Book Overview

Governments across the world are trying to create the most attractive investment climate possible in order to encourage companies to invest, grow and stay in their countries. To do this, they carefully craft the policies, regulations and incentives which they believe create the best possible environment for business growth for both local and international companies. However, governments are complex organisms operating under often complicated rules, processes and norms. In addition, rules regularly need to be adapted, adopted or evolve. This means that for the thousands of public professionals monitoring the investment climate around the world that there will always be one more regulation, rule or practice to change in their country. Moreover, there will be diverse opinions of what to change and how to go about achieving that change. As for the private sector, it has its own objectives and ideas as to what the best conditions should be for their businesses to prosper. 

 

The function that seeks to influence this constantly changing space is advocacy, a discipline as old as politics. Rather than supporting individual companies or industry clusters, advocacy focuses on the conditions, the regulatory and institutional frameworks, and the practicalities, such as processes, forms and other forms of experiencing a regulation, which contribute to the investment climate in which companies operate.

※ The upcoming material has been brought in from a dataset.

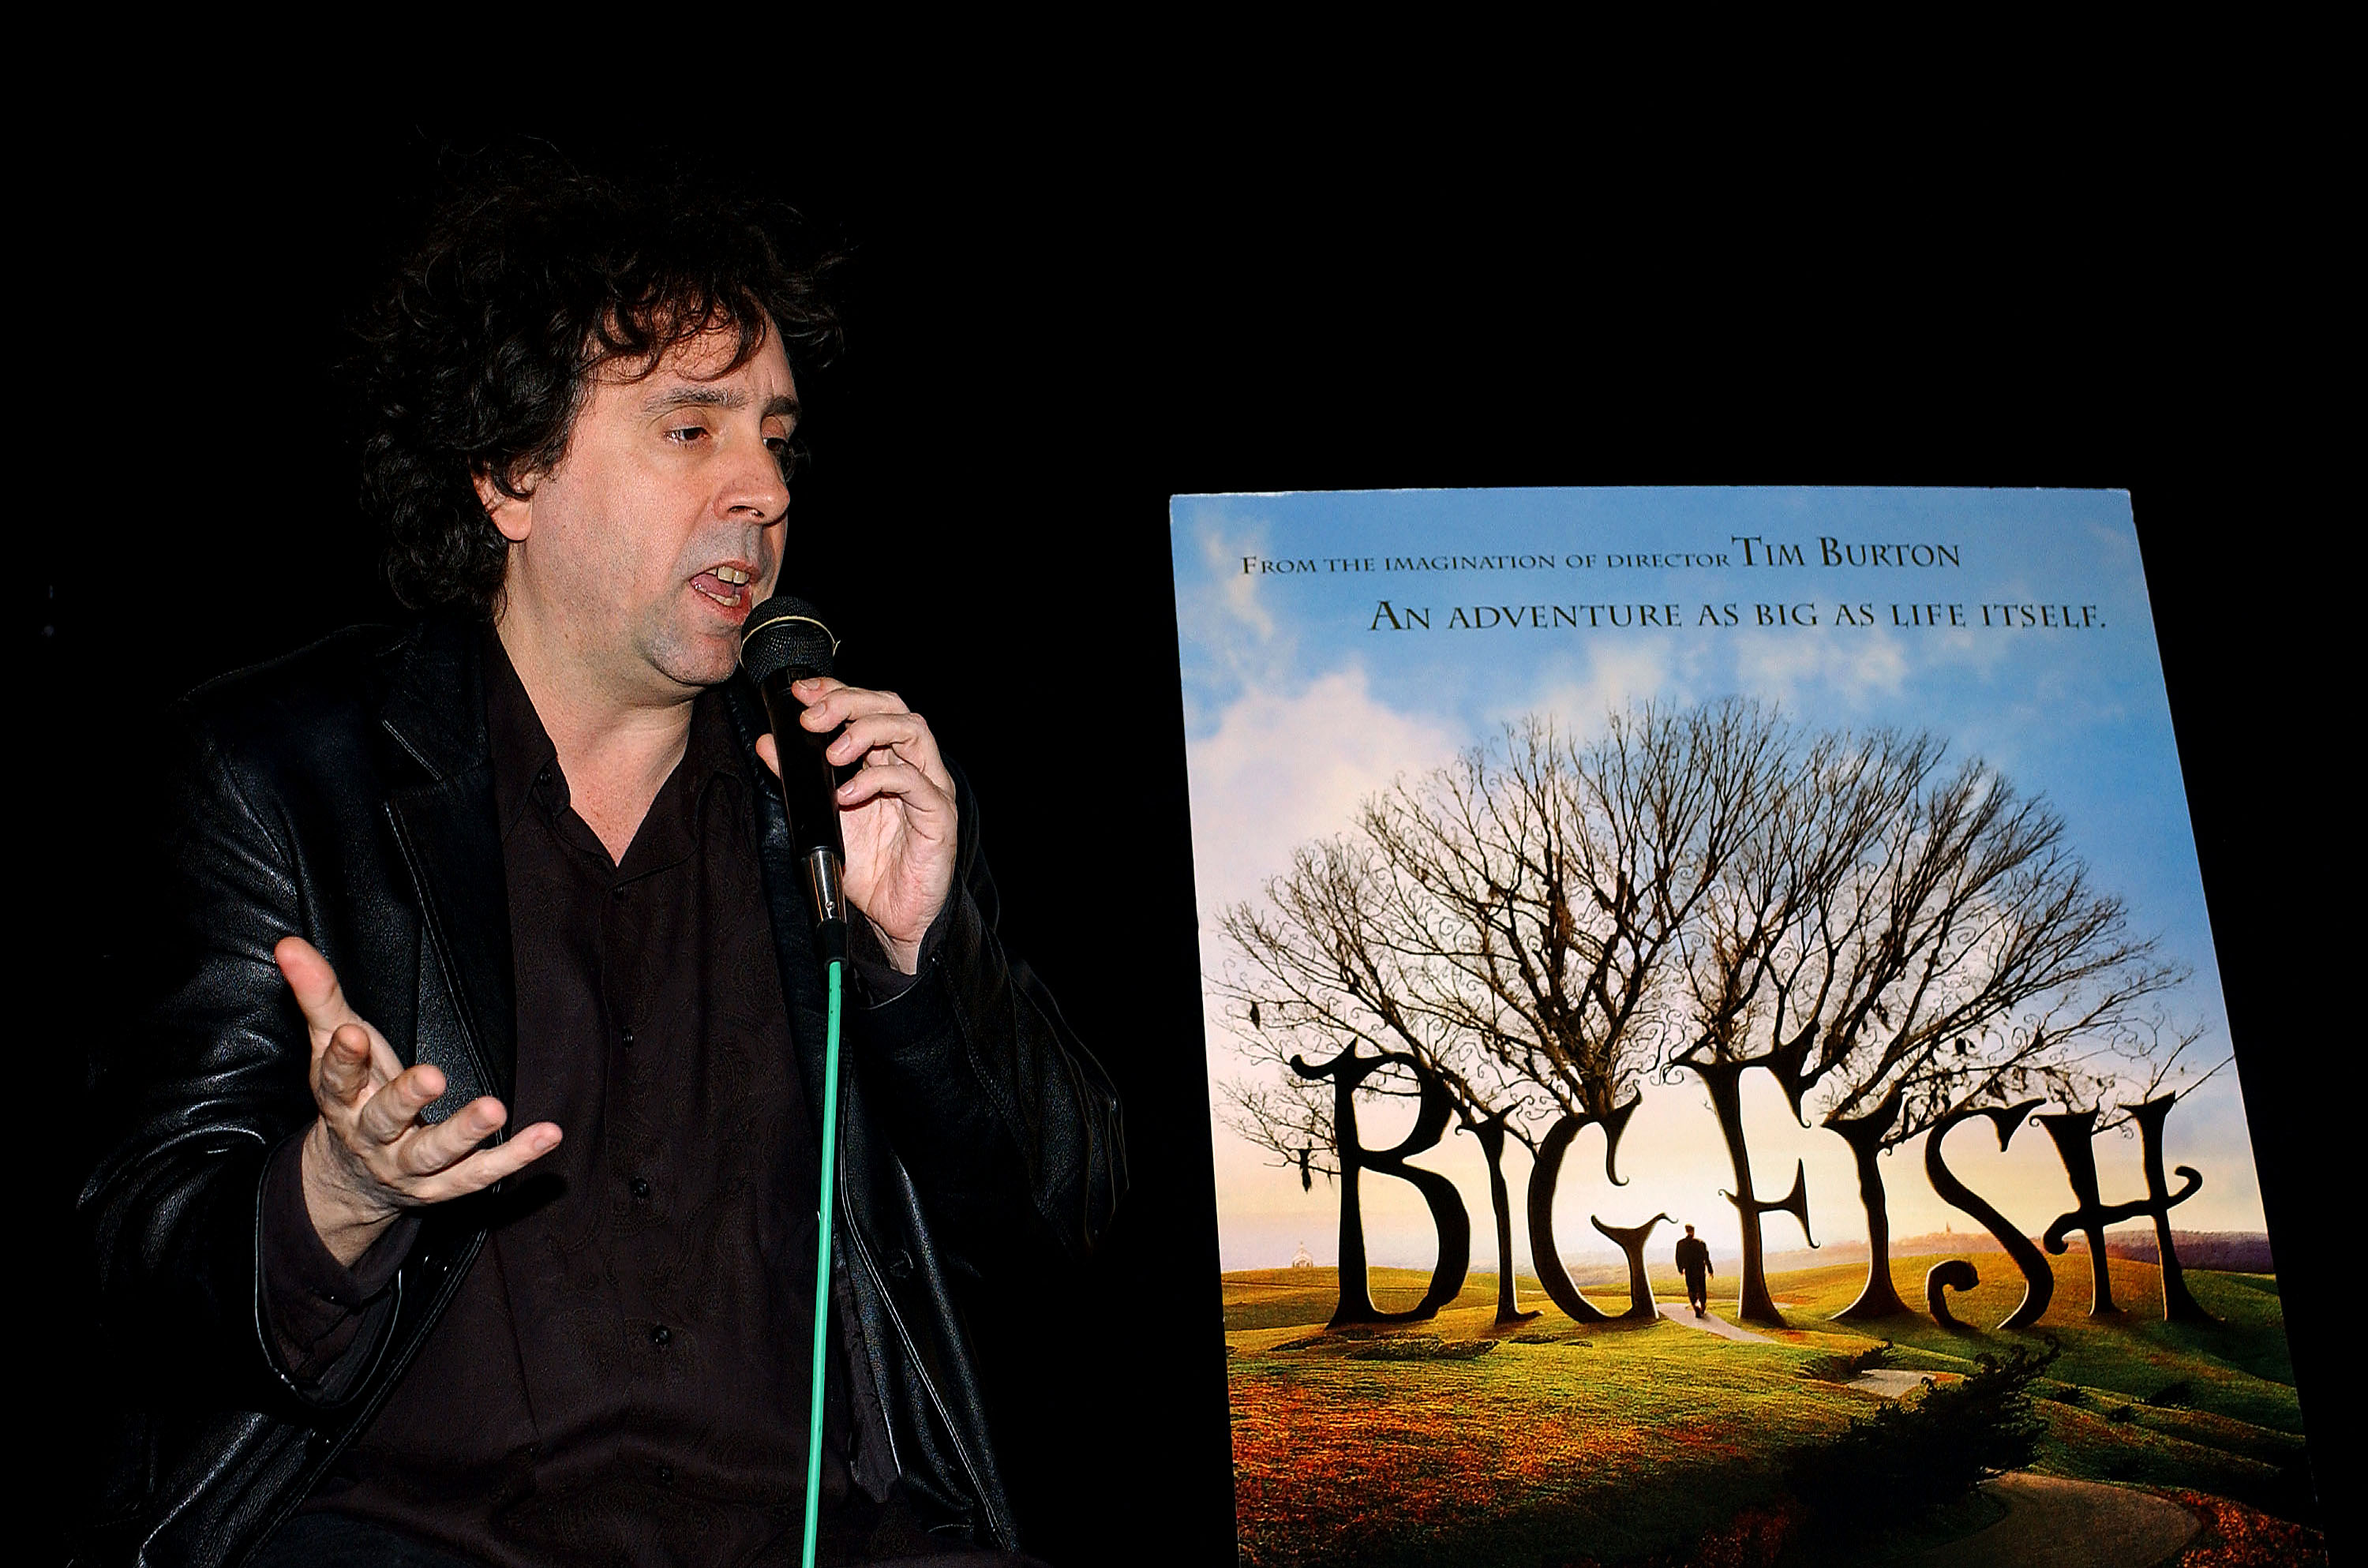 Tim Burton discusses his film "Big Fish" following a special sneak preview at The Egyptian Theatre on December 9, 2003, in Hollywood, California. | Source: Getty Images

This book will explain how policymaking happens, and thereby help policy advocates, policy stakeholders, companies and any other interested parties be more effective when it comes to shaping the future investment climate of their countries, the rules which define FDI, and how these rules are implemented.  

Facts & Quotes

76% percent of IPAs have advocacy as part of their official mandates.

State of Investment Promotion Agencies: Evidence from WAIPA-WBG’s Joint Global Survey. Washington, D.C.: World Bank Group.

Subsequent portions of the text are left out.